Publié le 25 juin 2021Lecture 2 min
Médecine de précision, médecine de masse
Pierre-Yves BENHAMOU, service d’endocrinologie, CHU de Grenoble-Alpes, Grenoble
La formation de la plupart des diabétologues est passée par l’école de l’endocrinologie, où la prise en charge coche de longue date de nombreuses cases de la médecine personnalisée, la discipline se prêtant bien à l’exquise expertise des orfèvres de l’hormonologie
Par contraste, en matière de maladies métaboliques, les impératifs épidémiologiques et démographiques ne laissent guère de latitude au diabétologue, qui doit intégrer en peu de temps des données cliniques, biologiques, pharmacologiques, d’imagerie pour une file active de plusieurs centaines de patients, sans négliger la veille des réseaux sociaux et autres messageries devenue une part substantielle de notre temps médical. Sommes-nous condamnés à renoncer à une médecine de précision, valorisante sur le plan intellectuel mais consommatrice de ressources désormais largement scrutées sur le plan comptable, pour une médecine de masse (terme inélégant s’il en est) ?

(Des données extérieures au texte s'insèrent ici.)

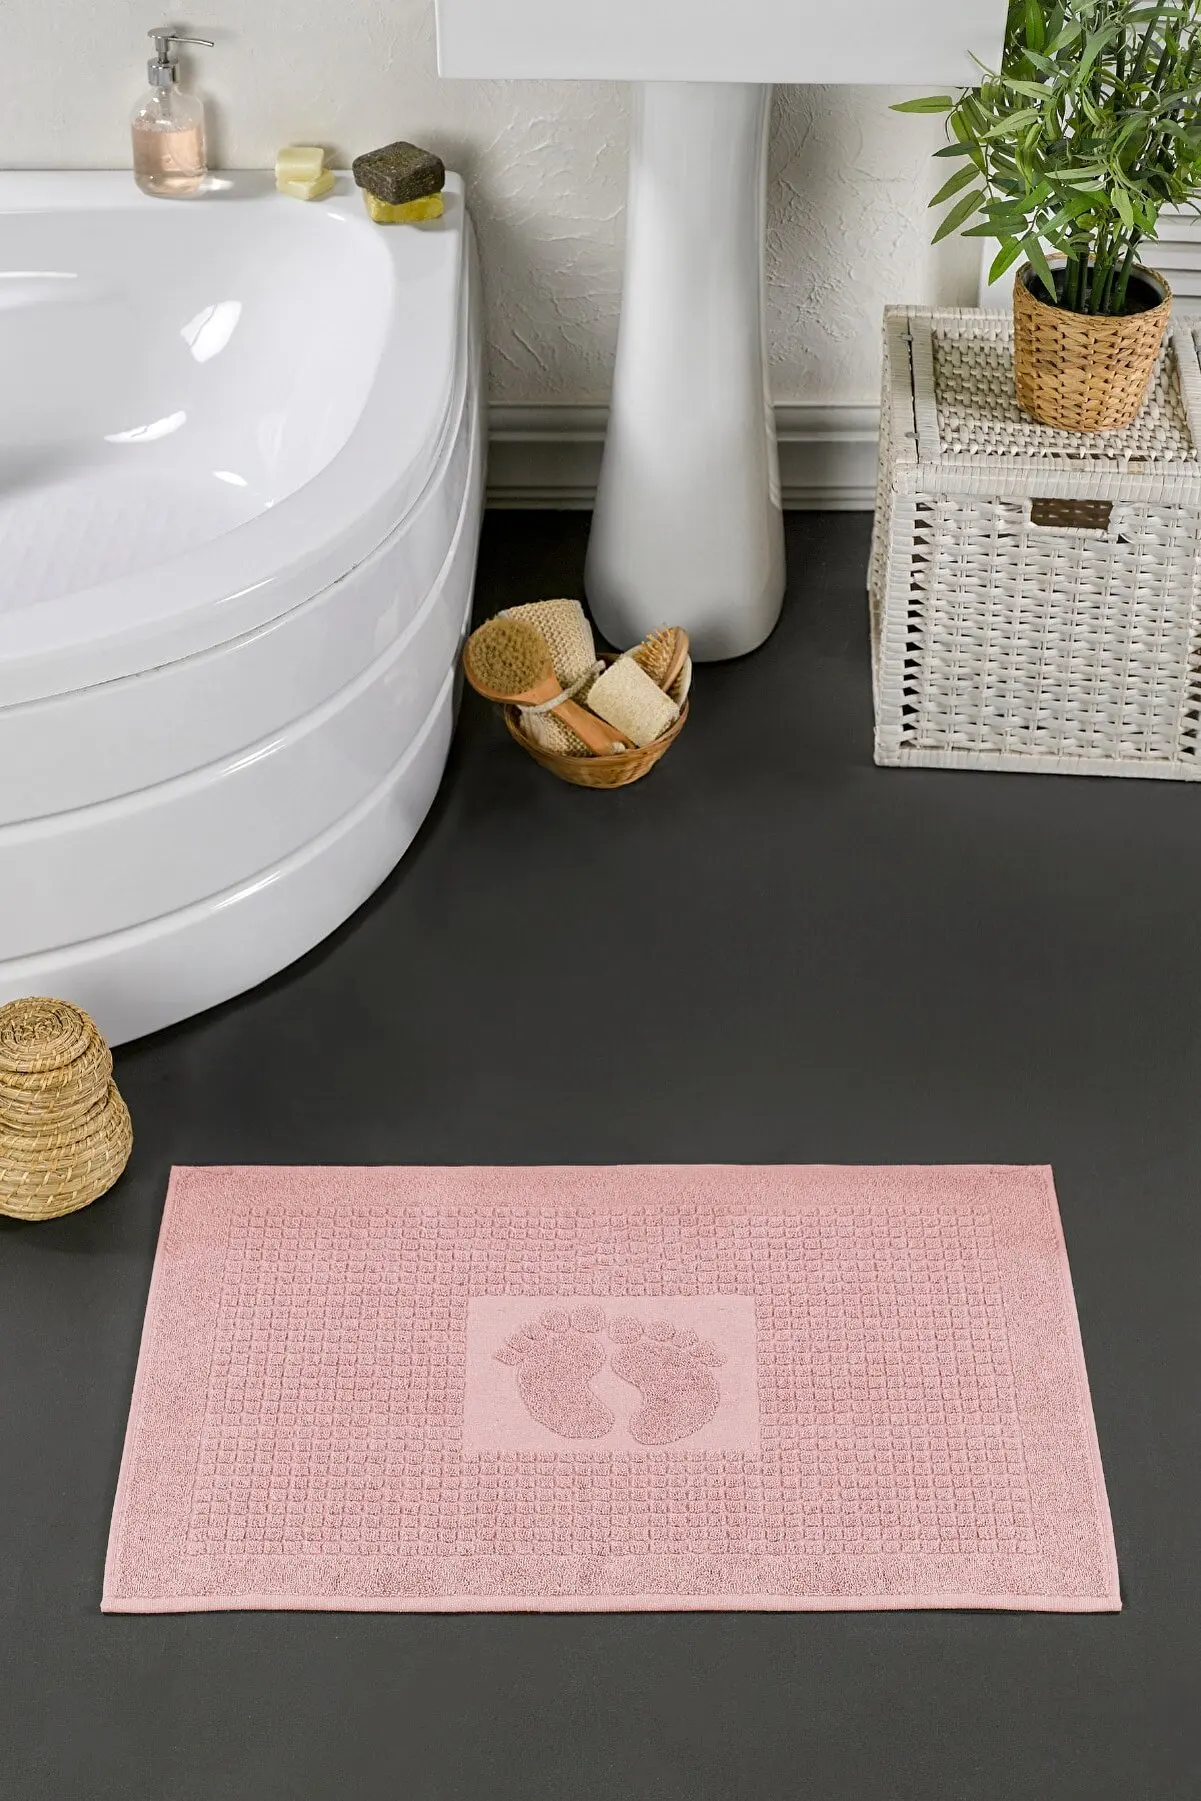 Bath Mat Floor Towel for Bathroom- Washable Bathtub Shower Sink Floor  Towels - 100% Turkish Cotton Bath Mat Foot Towels, Absorbent Machine  Washable

L’avènement des technologies d’intelligence artificielle (IA) apparaît comme une évolution incontournable de la diabétologie, susceptible de rendre compatibles la volonté du médecin d’offrir des soins de qualité et l’exigence éthique de répondre « quoi qu’il en coûte » à une demande submergeante. Un article de ce numéro consacré au dépistage de la rétinopathie montre la convergence très pertinente de technologies de télémédecine, permettant le recueil délocalisé de données médicales, et d’approches de deep learning, permettant l’exploitation intelligente et apparemment artificielle de ces immenses bases de données. Car il subsiste une part essentielle d’intelligence humaine dans l’IA qui repose sur la qualité initiale de la base de données d’apprentissage, et c’est là que l’expertise du diabétologue trouve toute sa place. Il faut militer pour que les diabétologues investissent ce champ nouveau de notre spécialité, qui est une véritable planche de salut. Si le dépistage de la rétinopathie est l’étendard d’une approche technologique d’un problème évident de santé, il faut susciter la recherche et la validation d’outils diagnostiques et thérapeutiques dans d’autres domaines de la diabétologie, et ils sont très nombreux : gradation pronostique du pied diabétique, identification précoce de l’insuffisance cardiaque, de la NASH, dépistage du diabète gestationnel, orientation de la stratégie de traitement pharmacologique, etc. Si plusieurs grands journaux scientifiques anglo-saxons (Lancet, JAMA, PLOS, etc.) éditent désormais chacun un volume consacré à la médecine digitale, on fait le vœu d’y lire les productions d’équipes françaises où les diabétologues se seront investis. Un défi passionnant pour la décennie en cours.